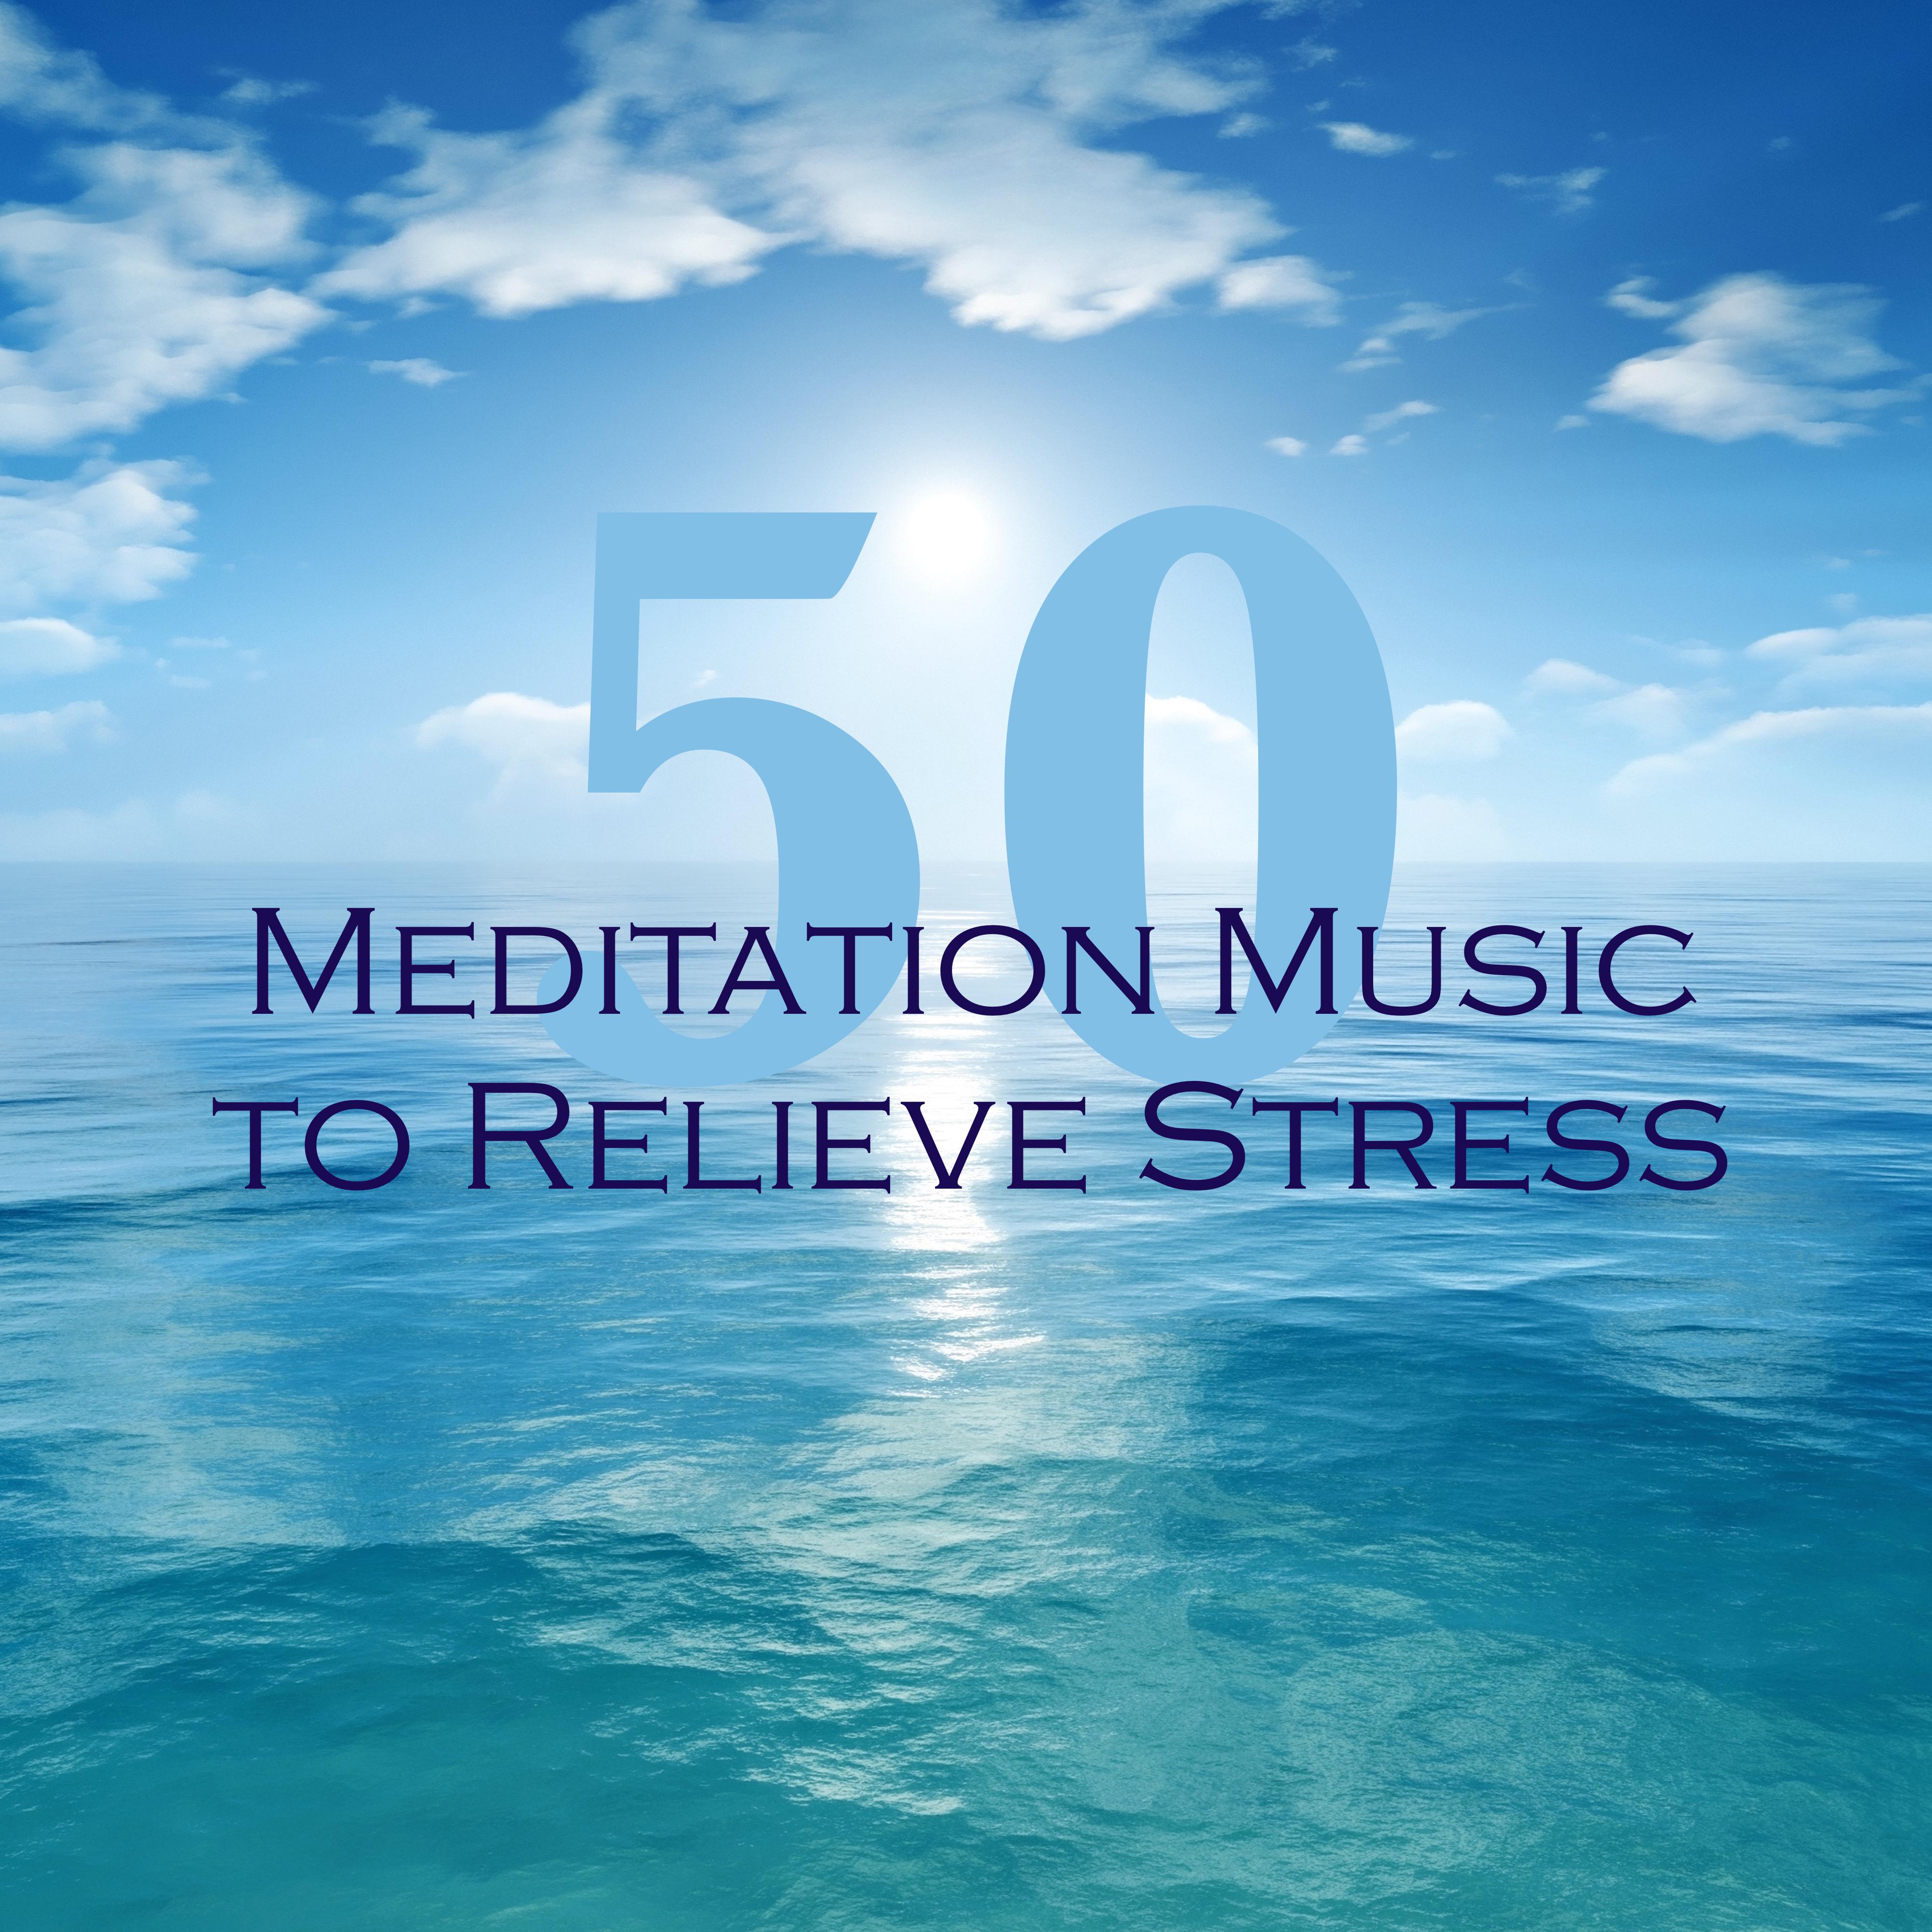 50 Meditation Music to Relieve Stress - Relaxing Soundscapes and Healing Soothing Music for Guided Imagery and Mindfulness Exercises
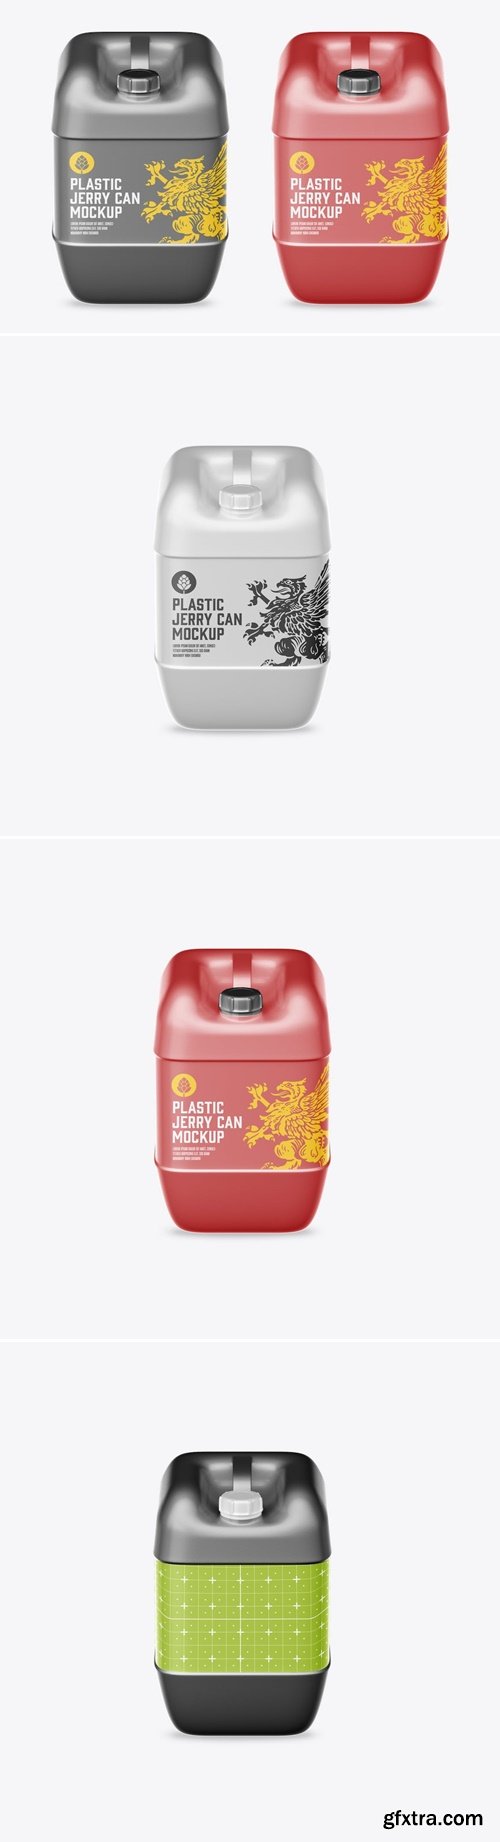 Plastic Jerry Can Mockup 9PSXC5S
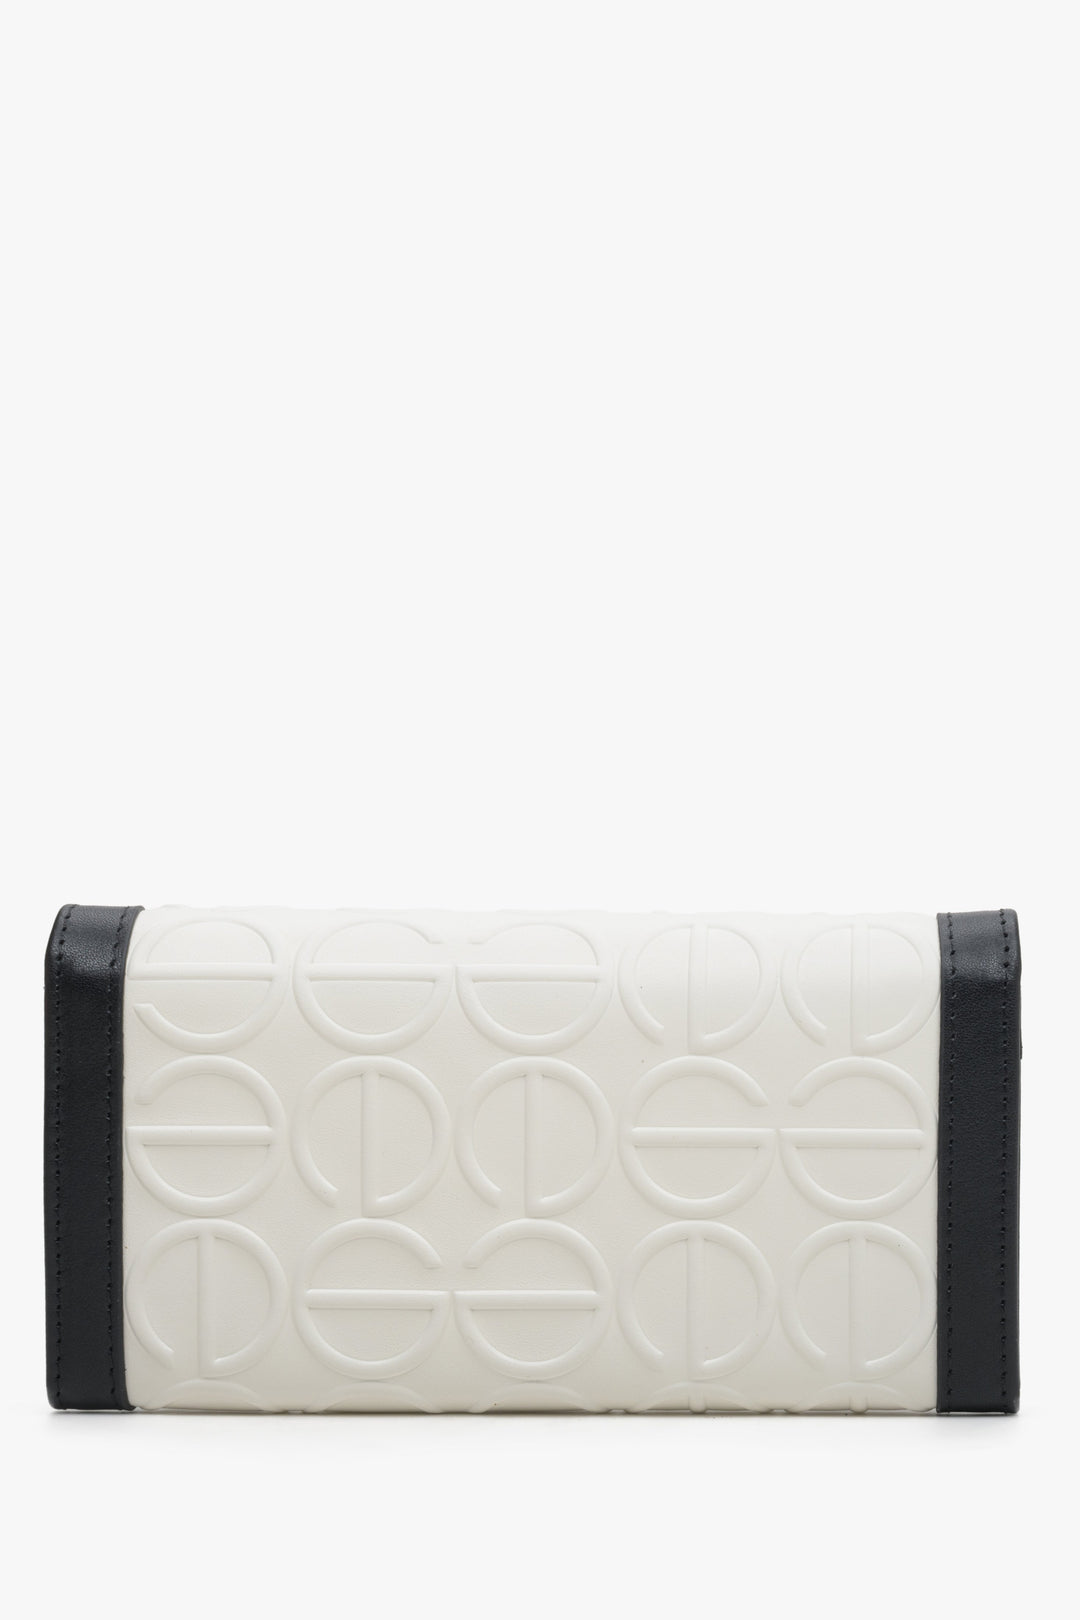 Leather, large women's black and white wallet by Estro - reverse side.

▸ **Work to complete**
Exactly as given, set down each line of the material, but include no pictures.

▸ **Task output**
 50 Meditation Music to Relieve Stress - Relaxing Soundscapes and Healing Soothing Music for Guided Imagery and Mindfulness Exercises
 Plastic Jerry Can Mockup 9PSXC5S
 Leather, large women's black and white wallet by Estro - reverse side.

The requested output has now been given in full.